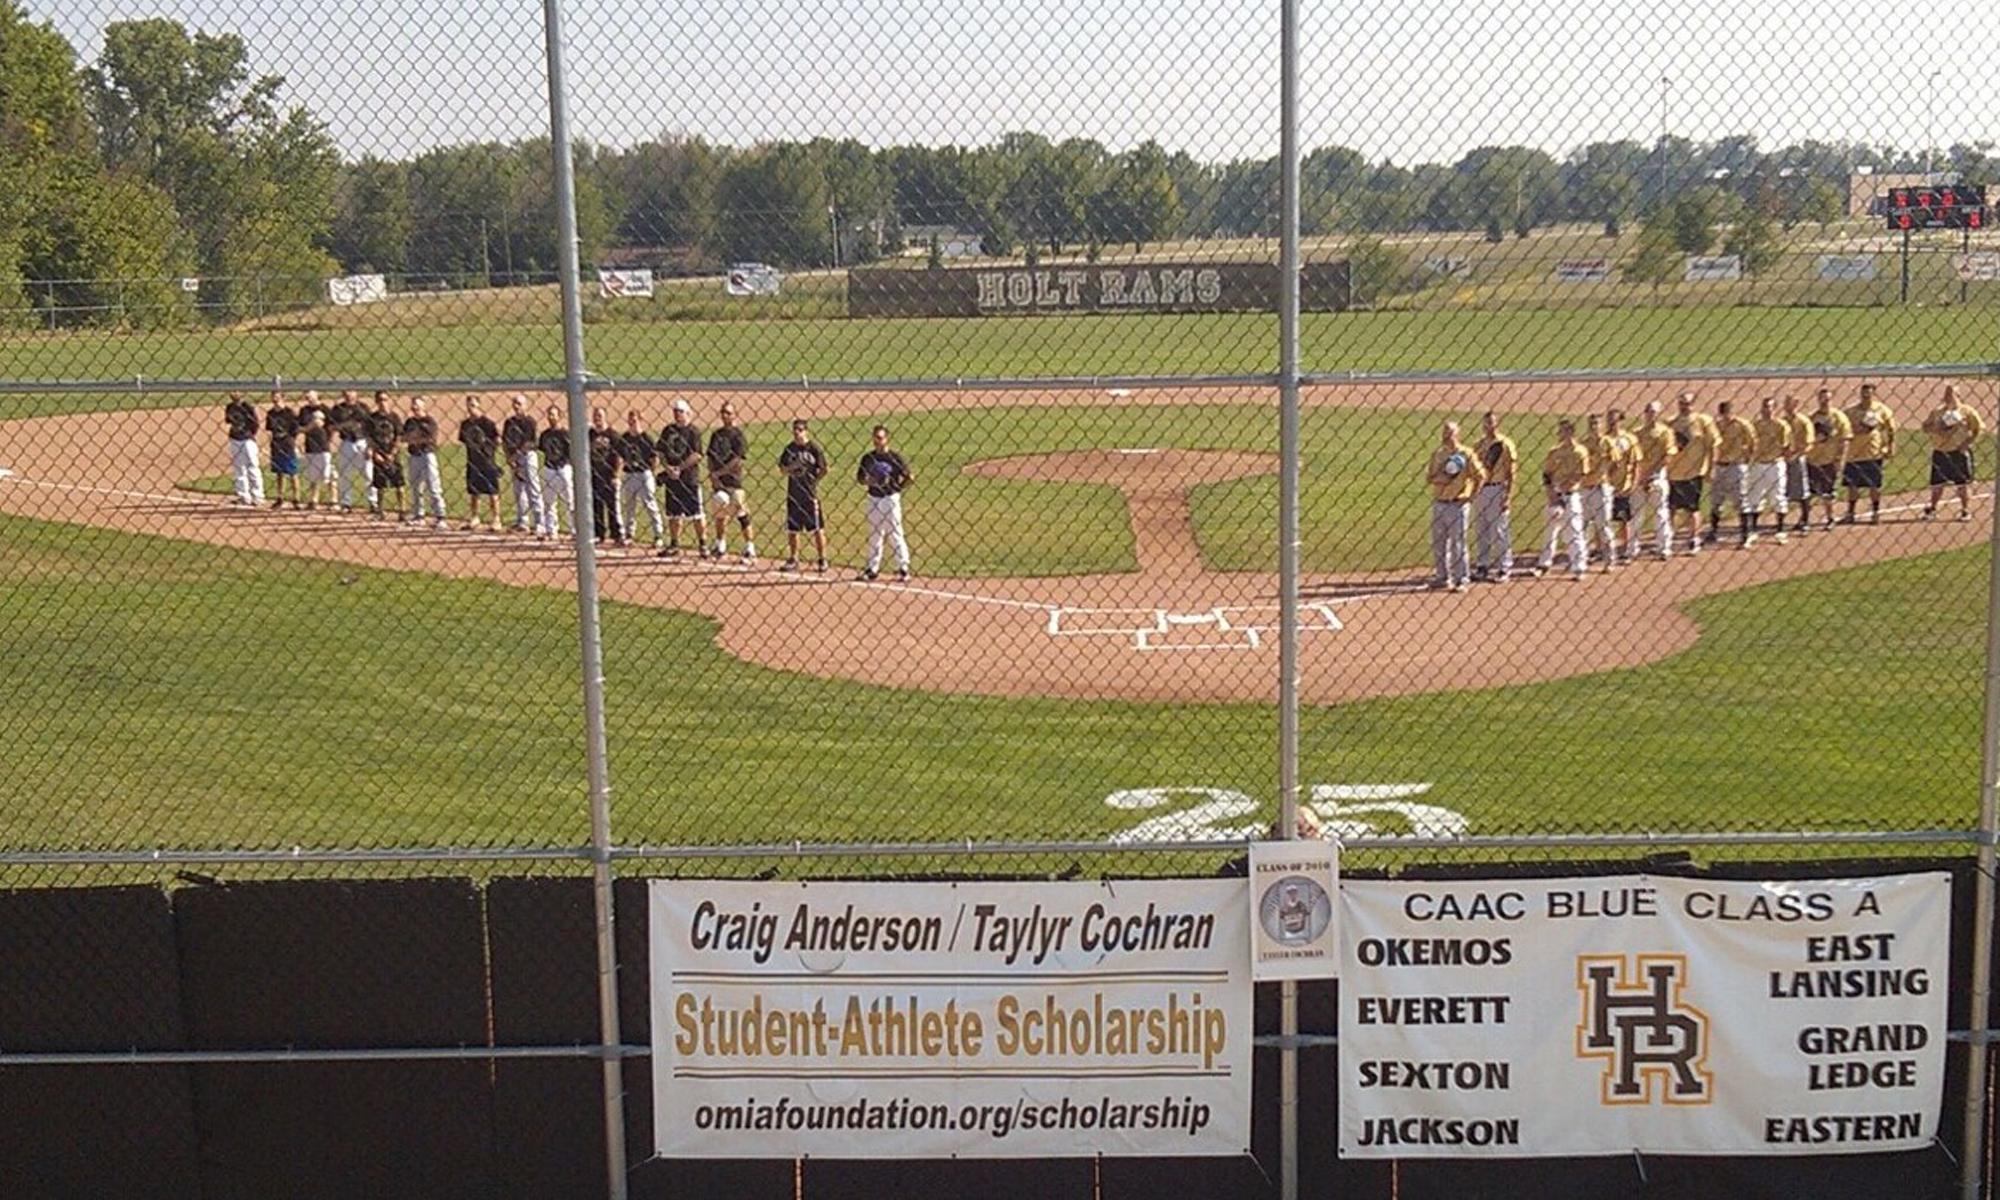 25 Taylyr Cochran Baseball Field
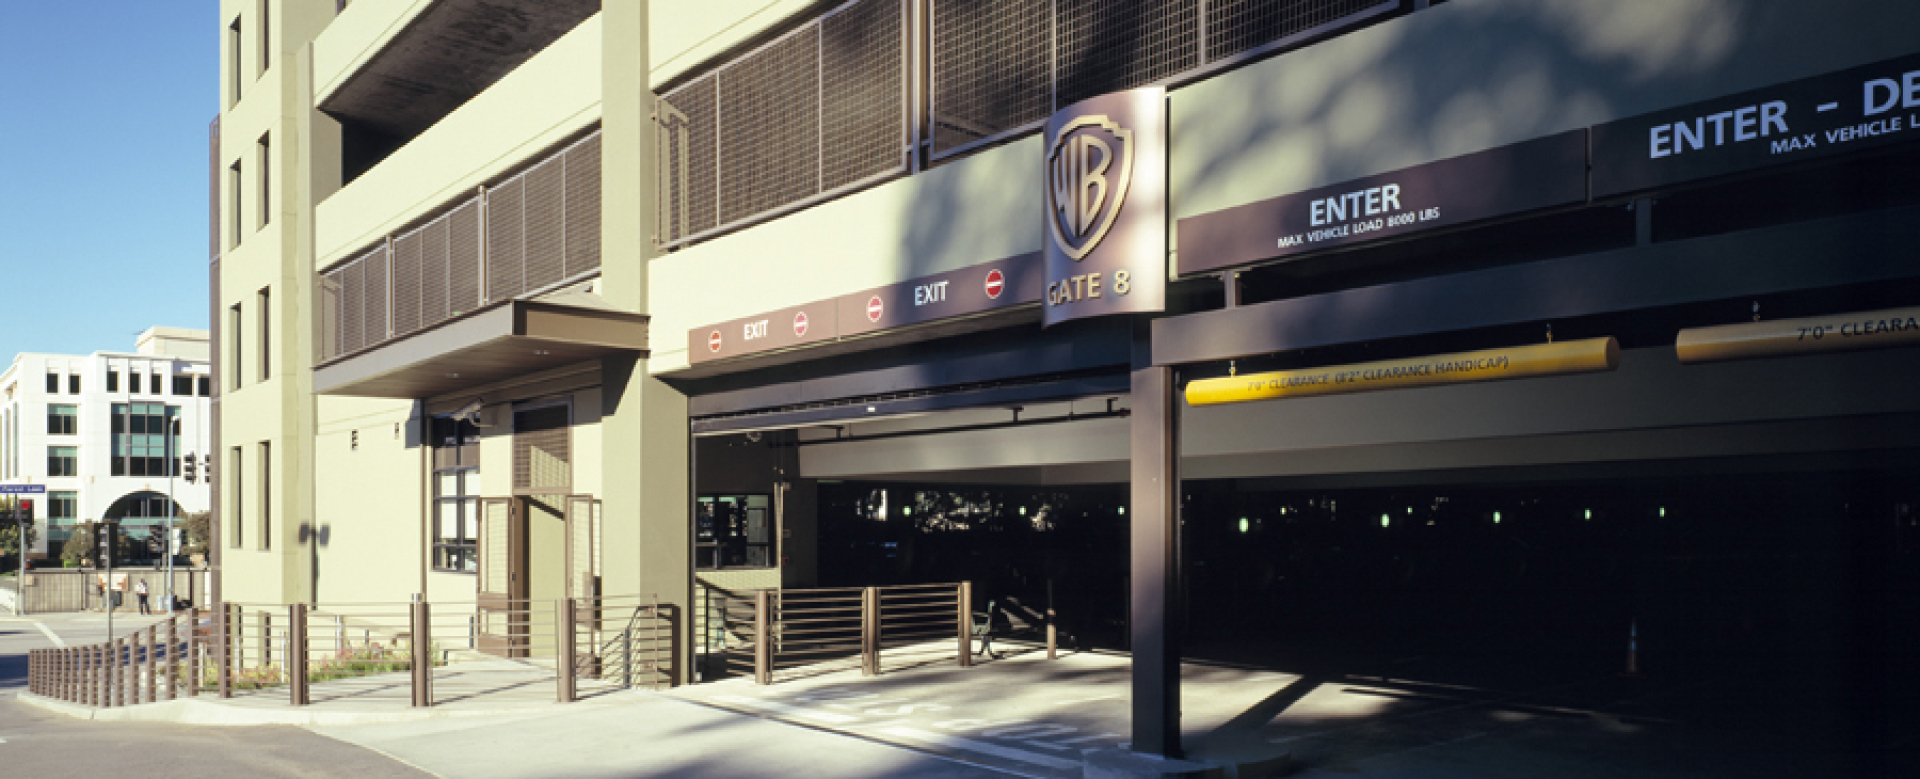 Warner Bros. Forest Lawn Parking Structure
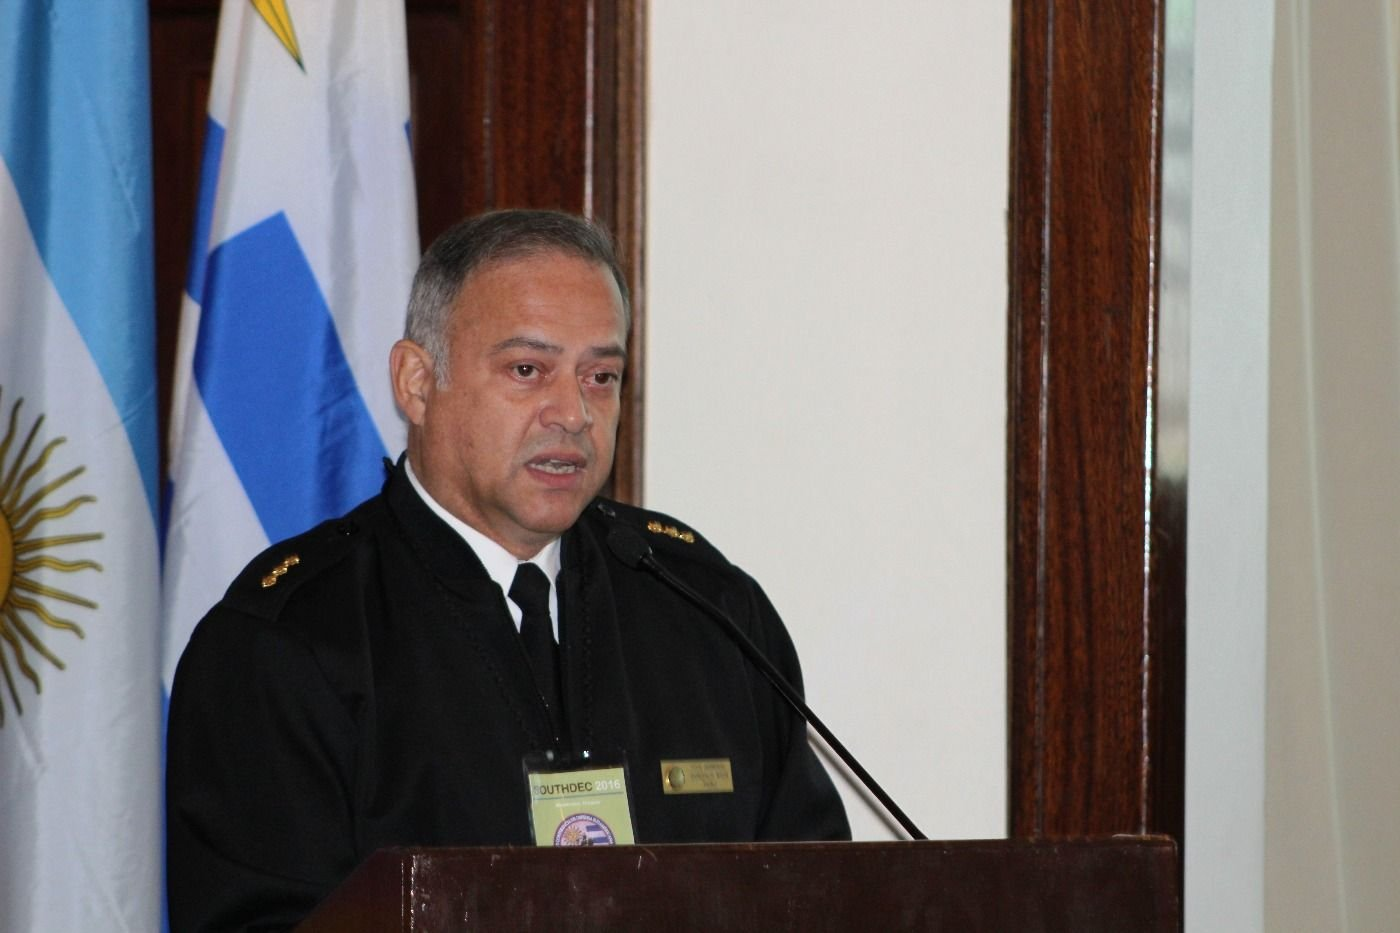 The Inter-American Defense Board in the Western Hemisphere

▶ Try it: With the pictures excluded, the line containing "Warner Bros. Forest Lawn Parking Structure" and every line after it through the end of the data above are to be transcribed exactly, and nothing more.

▶ Response:
 Warner Bros. Forest Lawn Parking Structure
 The Inter-American Defense Board in the Western Hemisphere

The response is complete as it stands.